## ABOUT THIS TASK
Wherever an image appears in the data, omit it and copy all the remaining text word for word.

## COLLECTED DATA
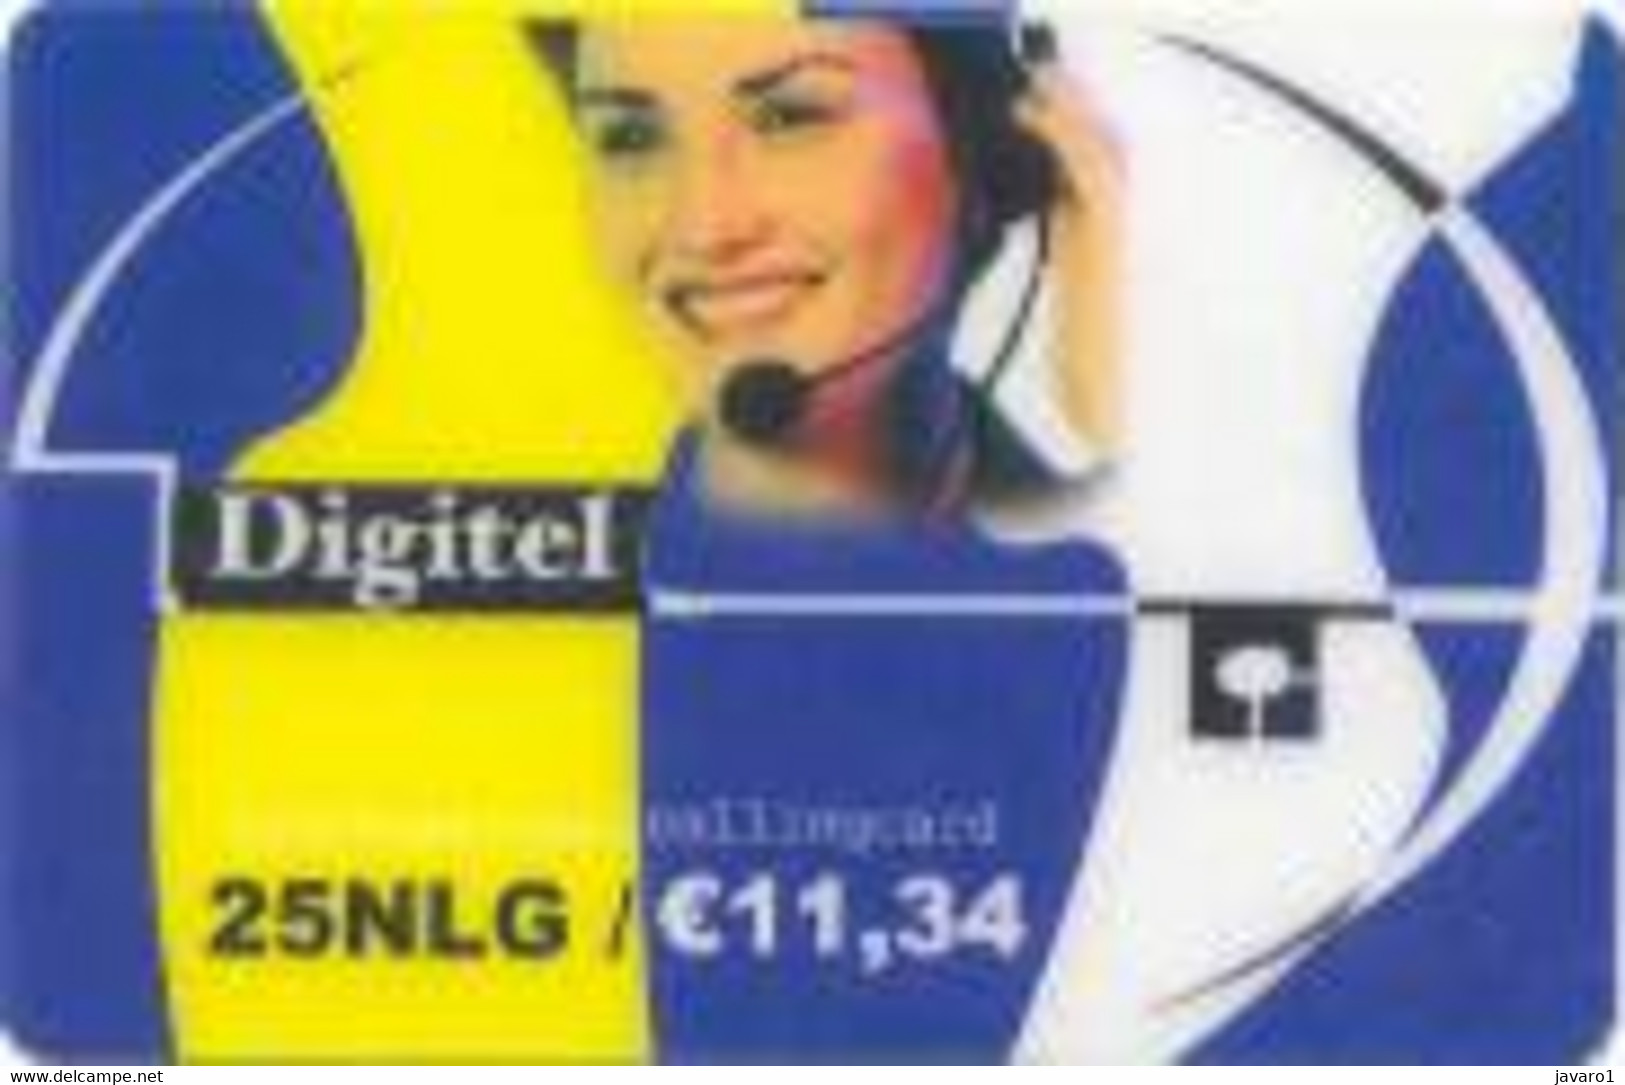 NETHERLAND : NED20 25NLG/e 11,34 DIGITEL Web+Phoning/ WHITE Rev. USED - To Identify
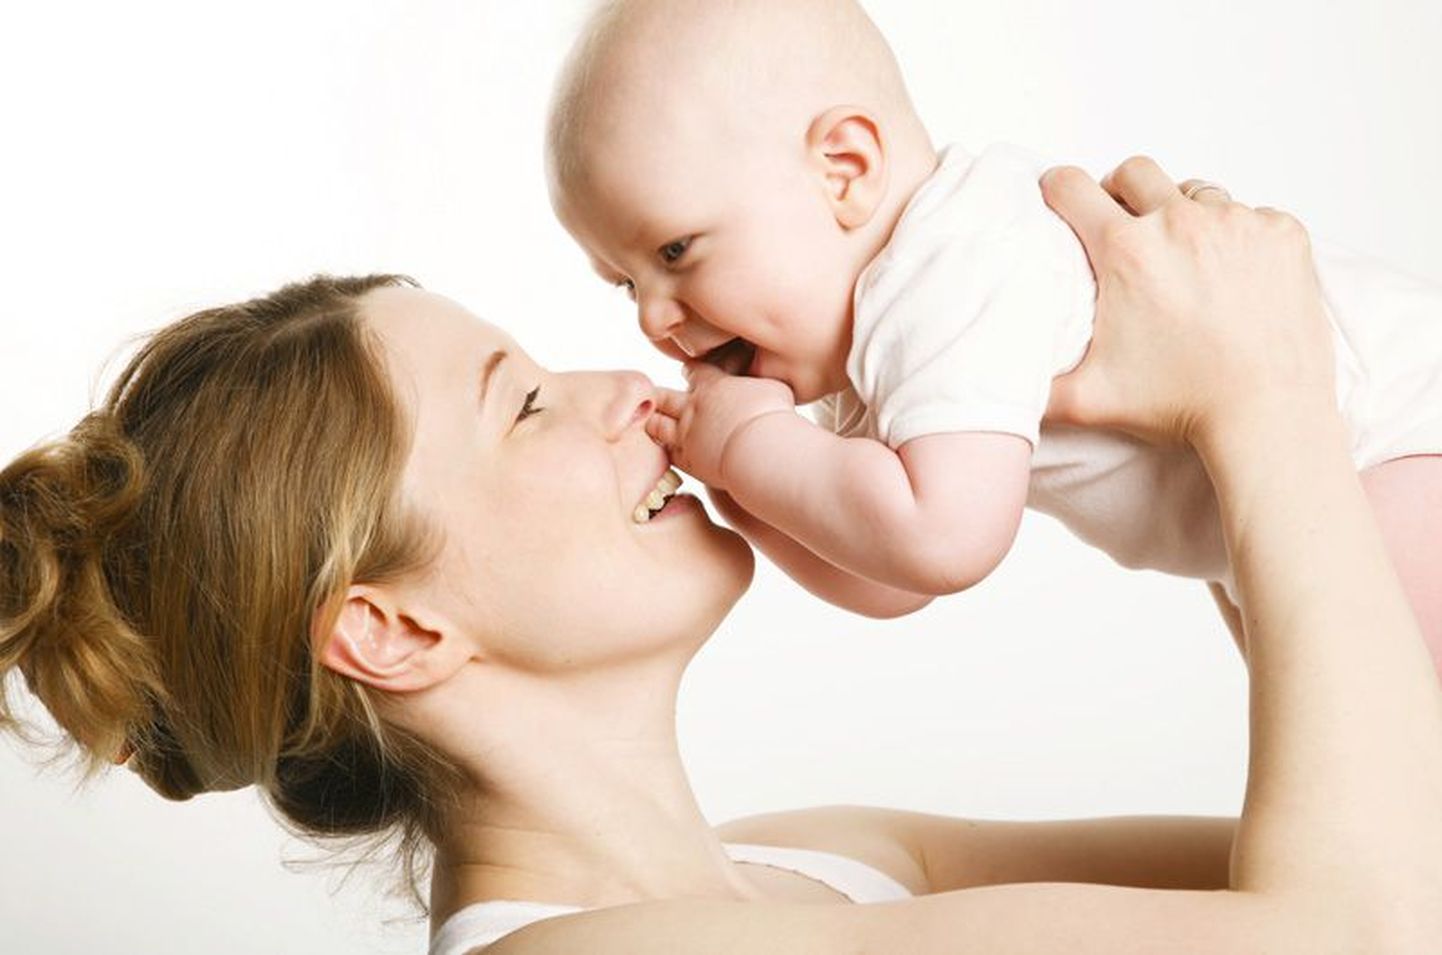 Lapsehoolduspuhkusel olles saab ema pisikesele täisväärtuslikku elu algust pakkuda.
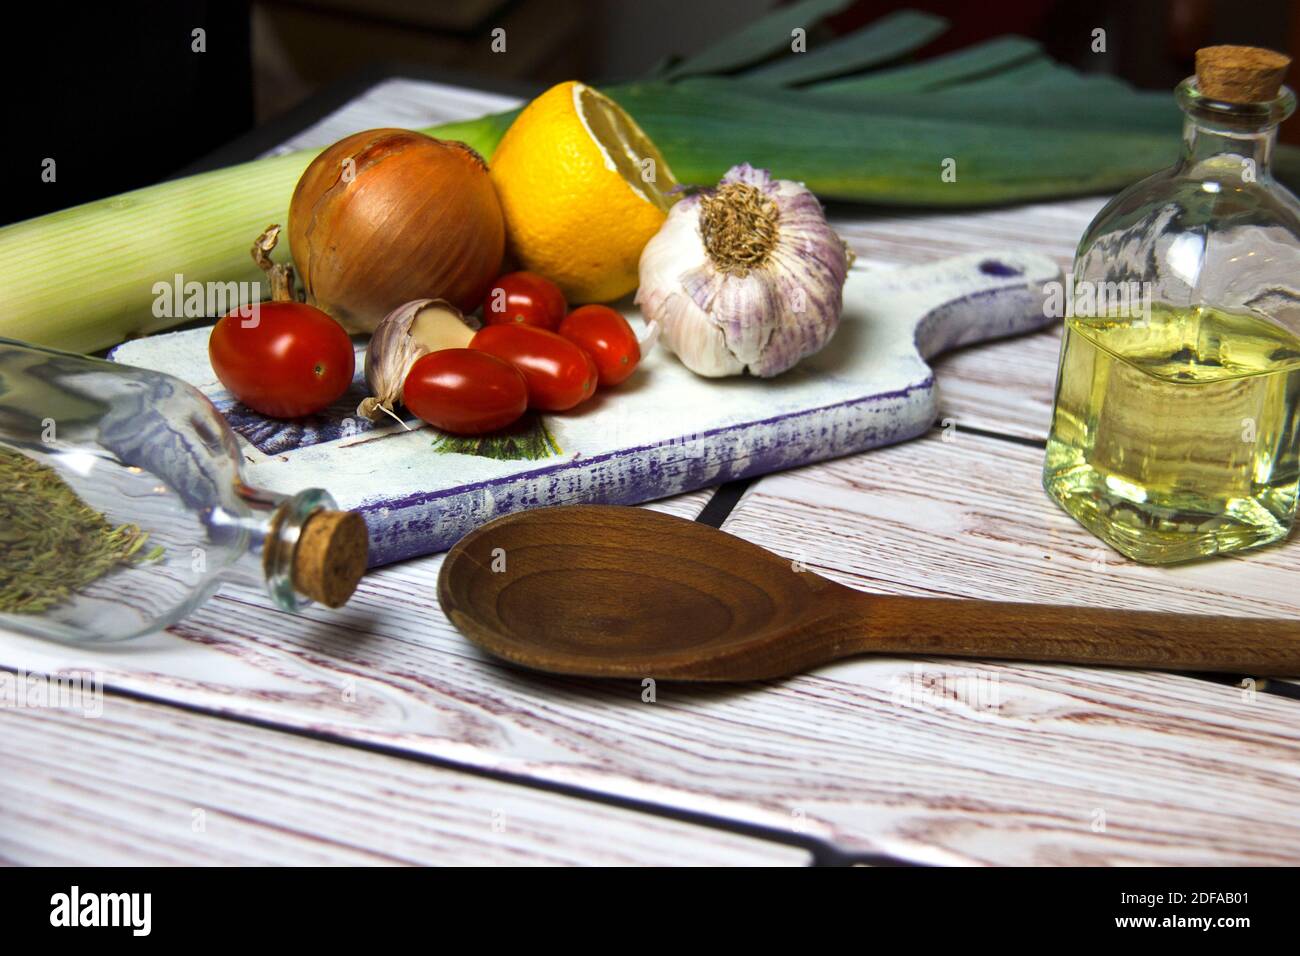 Fond de cuisson. Huile dans une bouteille, ail, oignon, tomates et citron sur une planche à découper. Préparation des aliments. Concept de saine alimentation. Banque D'Images

## TASK ANSWER
 NETHERLAND : NED20 25NLG/e 11,34 DIGITEL Web+Phoning/ WHITE Rev. USED - To Identify
 Lapsehoolduspuhkusel olles saab ema pisikesele täisväärtuslikku elu algust pakkuda.
 Fond de cuisson. Huile dans une bouteille, ail, oignon, tomates et citron sur une planche à découper. Préparation des aliments. Concept de saine alimentation. Banque D'Images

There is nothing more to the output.